The eurozone’s biggest economy, Germany, holds the key to this. Soros points out that the country is not living up to expectations created by its position as the engine of the single currency area, instead trying to impose a straitjacket on other members.

While things are more nuanced than this, it is true that a softening of the German position would help. Unfortunately, this year at least, there is unlikely to be any change in Germany’s attitude. Parliamentary elections are due before October, and Angela Merkel is running again. She is unlikely to say that austerity has failed and propose another course of action, even if she wanted to.

So it’s all back in the hands of the European Central Bank again. Mario Draghi will have to wow the world once again. This time, he really must come true on his 2012 promise that the central bank will do “whatever it takes” to save the euro.

What will it take? Nothing short of tearing up the rulebook and starting again. For the moment, the ECB is buying government bonds in accordance with the capital key — meaning, proportionally with the capital contribution of the eurozone members to its capital. It must change that and do what the Federal Reserve, Bank of England and the Bank of Japan did: buy whatever assets need buying.

Yes, the ECB must start openly helping troubled eurozone members by purchasing their bonds. Italy needs to rescue its banks? The ECB should hoover up Italian government bonds until yields turn negative on any piece of Italian debt, including bank bonds. It could go even further and buy bank bonds direct.

That way, Monte dei Paschi di Siena would be able to issue as many bonds as it needs to cover its capital shortfall, and even deal with the nonperforming loan problem. Remember the Fed’s buying of mortgage-backed securities? For a while, and unnoticed, the Fed became at the time the world’s biggest bad bank.
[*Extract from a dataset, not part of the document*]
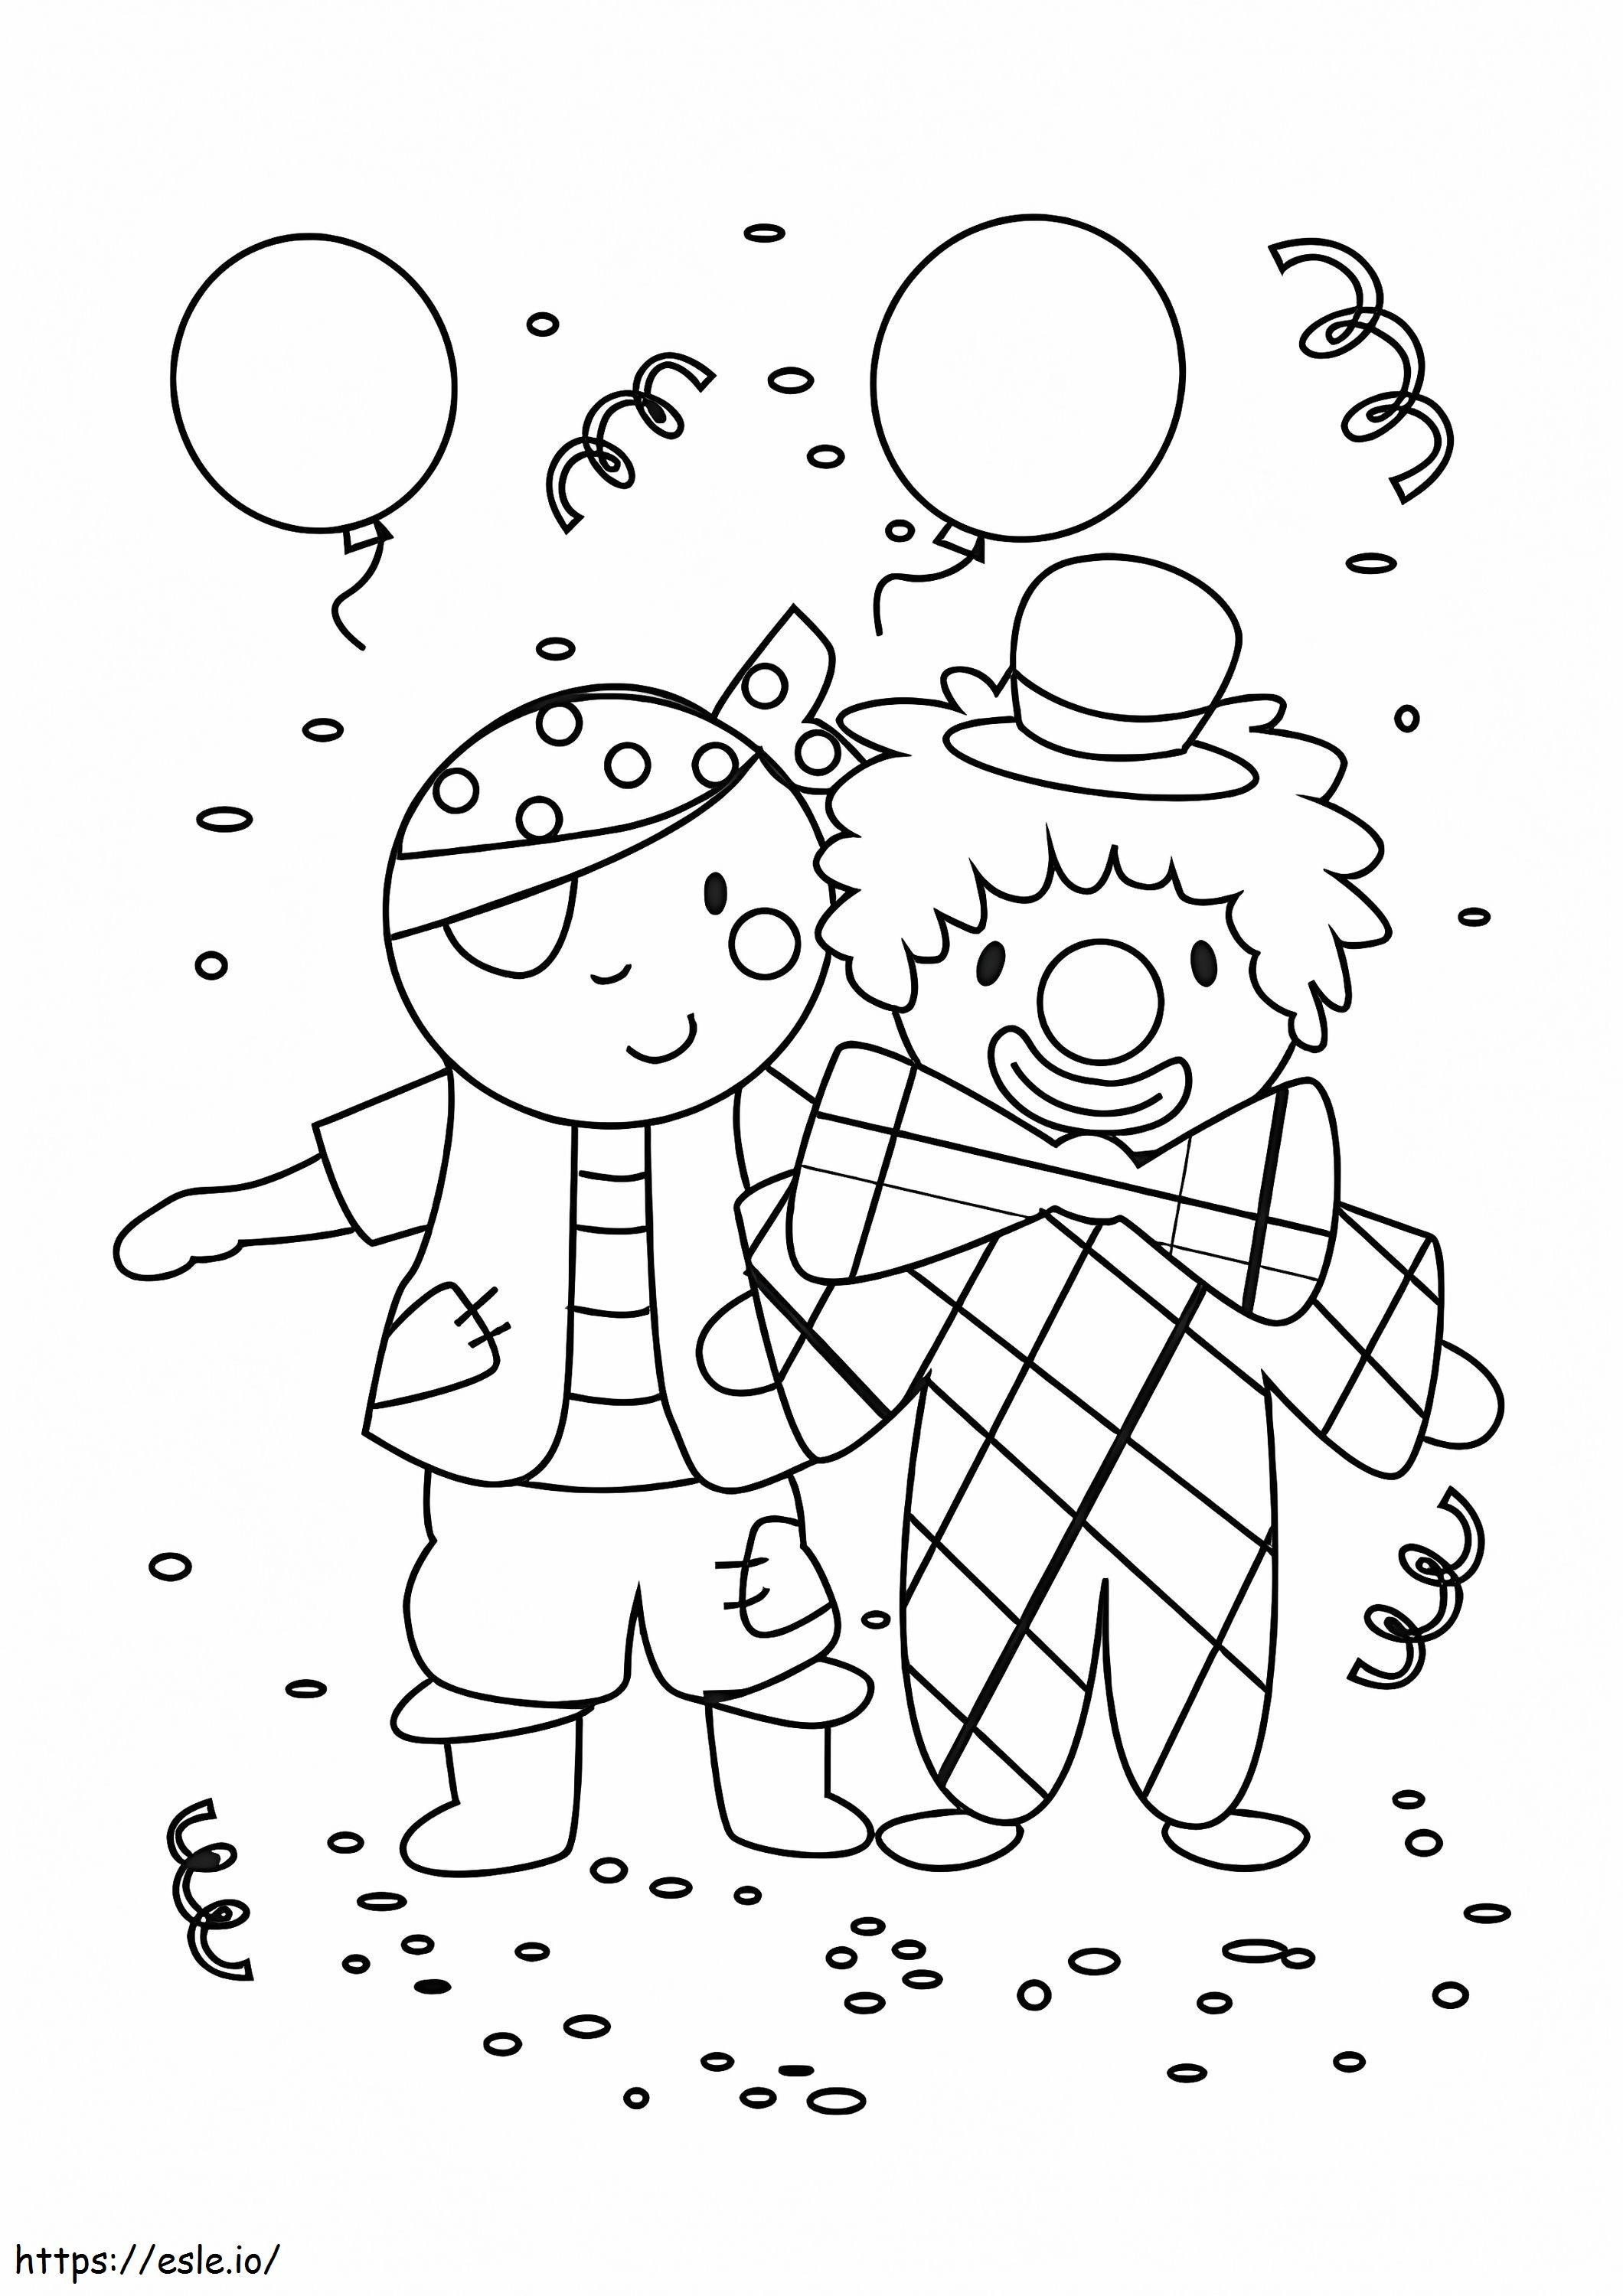 Pirate And Clown Carnival Costumes coloring page

The Bank of England, in its explanation about how the corporate bond purchases will go, said it will focus on “firms making a material contribution to the UK economy, in order to impart broad economic stimulus.” Surely, the ECB buying Monte dei Paschi’s bonds would impart economic stimulus faster than any other type of monetary policy measure?

Those who know my principles and read this probably believe that I’ve lost my mind. I usually side with the prudent and the savers, not the profligate. However, this is a world in which the ECB finds itself forced to follow rules that other central banks are happy to flout. If it can’t beat them, it should join them.